It is on the World Health Organization's List of Essential Medicines, a list of the most important medication needed in a basic health system.
Varicella vaccine is 70% to 90% effective for preventing varicella and more than 95% effective for preventing severe varicella. Furthermore, follow-up evaluations took place in the United States of children immunized that revealed protection for at least 11 years. Also, studies were conducted in Japan which indicated protection for at least 20 years.
People who do not develop enough protection when they get the vaccine may develop a mild case of the disease when in close contact with a person with chickenpox. In these cases, people show very little sign of illness. This has been the case of children who get the vaccine in their early childhood and later have contact with children with chickenpox. Some of these children may develop a mild chickenpox also known as breakthrough disease.
Duration of immunity
The long-term duration of protection from varicella vaccine is unknown, but there are now persons vaccinated more than thirty years ago with no evidence of waning immunity, while others have become vulnerable in as few as six years. Assessments of duration of immunity are complicated in an environment where natural disease is still common, which typically leads to an overestimation of effectiveness.

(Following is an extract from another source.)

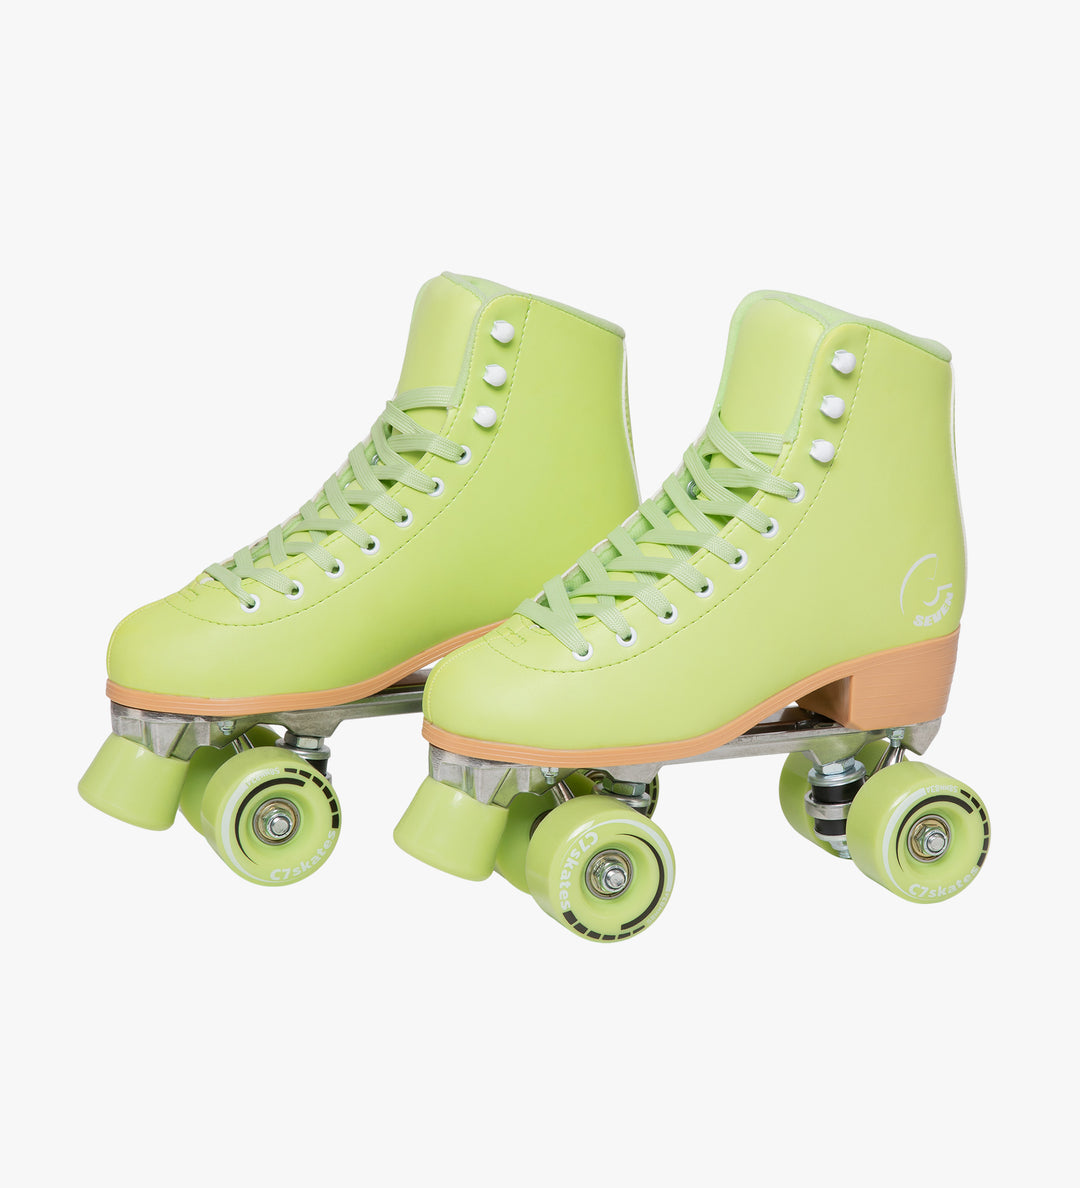 C7skates C7 Matcha green boot quad roller skates for women girls men with outdoor 58mm wheels 
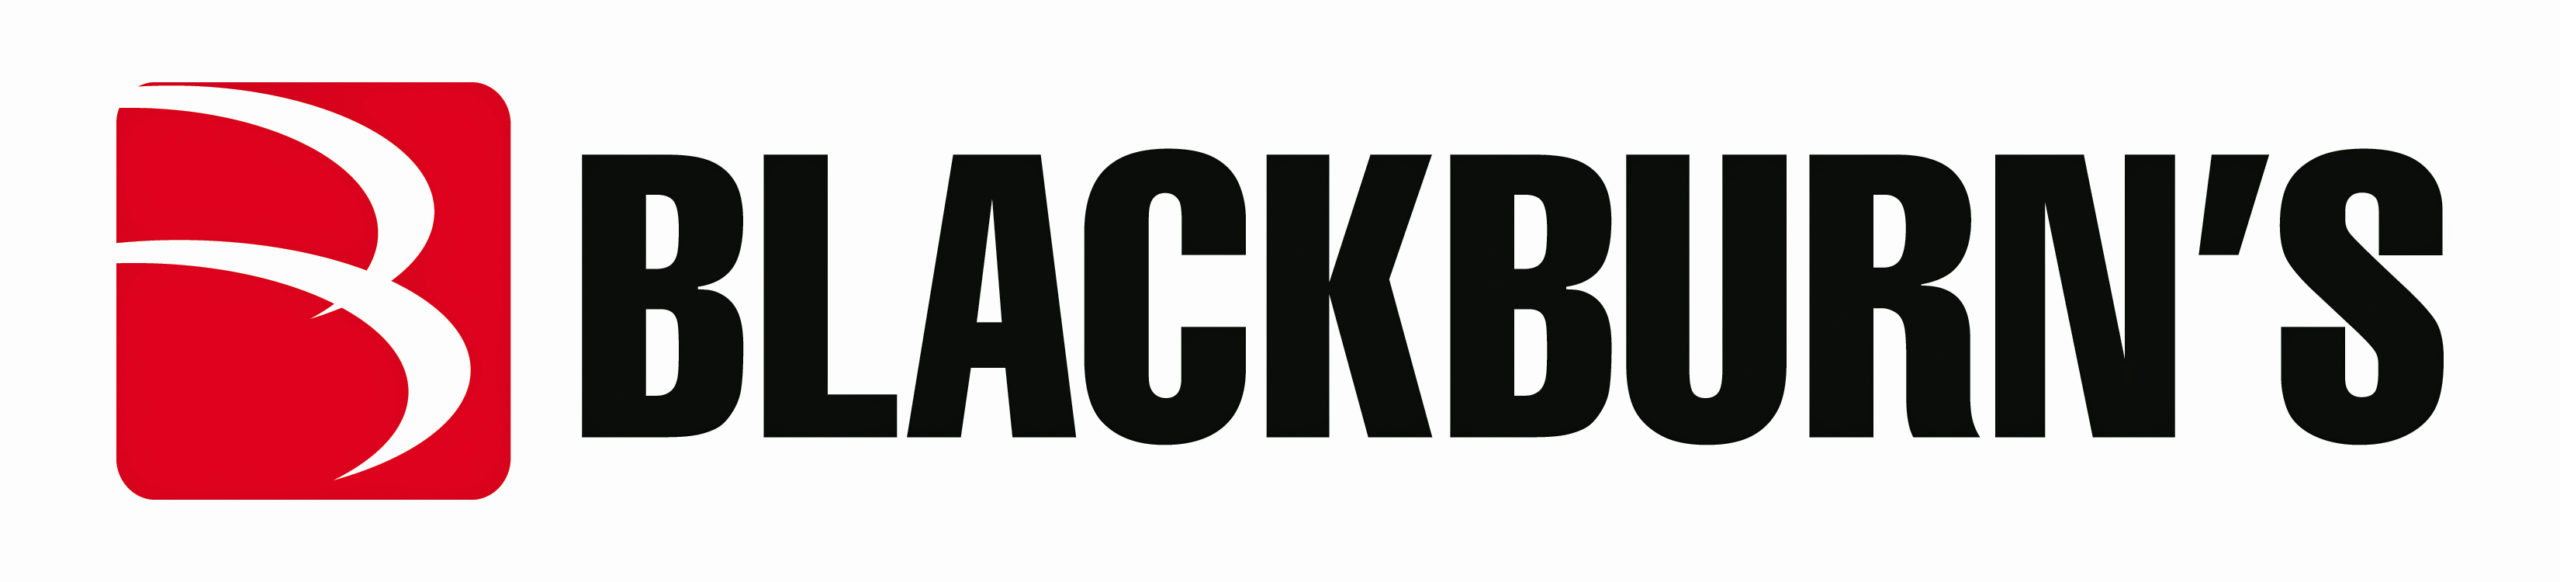 Blackburn's company logo

Some vaccinated children have been found to lose their protective antibody in as little as five to eight years. However, according to the World Health Organization: "After observation of study populations for periods of up to 20 years in Japan and 10 years in the United States, more than 90% of immunocompetent persons who were vaccinated as children were still protected from varicella." However, since only one out of five Japanese children were vaccinated, the annual exposure of these vaccinees to children with natural chickenpox boosted the vaccinees' immune system. In the United States, where universal varicella vaccination has been practiced, the majority of children no longer receive exogenous (outside) boosting, thus, their cell-mediated immunity to VZV (varicella zoster virus) wanes—necessitating booster chickenpox vaccinations. Some persons exposed to the virus after vaccine can experience milder cases of chicken pox (and usually then harbor both the attenuated vaccine or oka strain as well as the wild type or natural chickenpox strain which are both subject to reactivation as shingles).
Catching "wild" chickenpox as a child has been thought to commonly result in lifelong immunity. Indeed, parents have deliberately ensured this in the past with "pox parties". Historically, exposure of adults to contagious children has boosted their immunity, reducing the risk of shingles.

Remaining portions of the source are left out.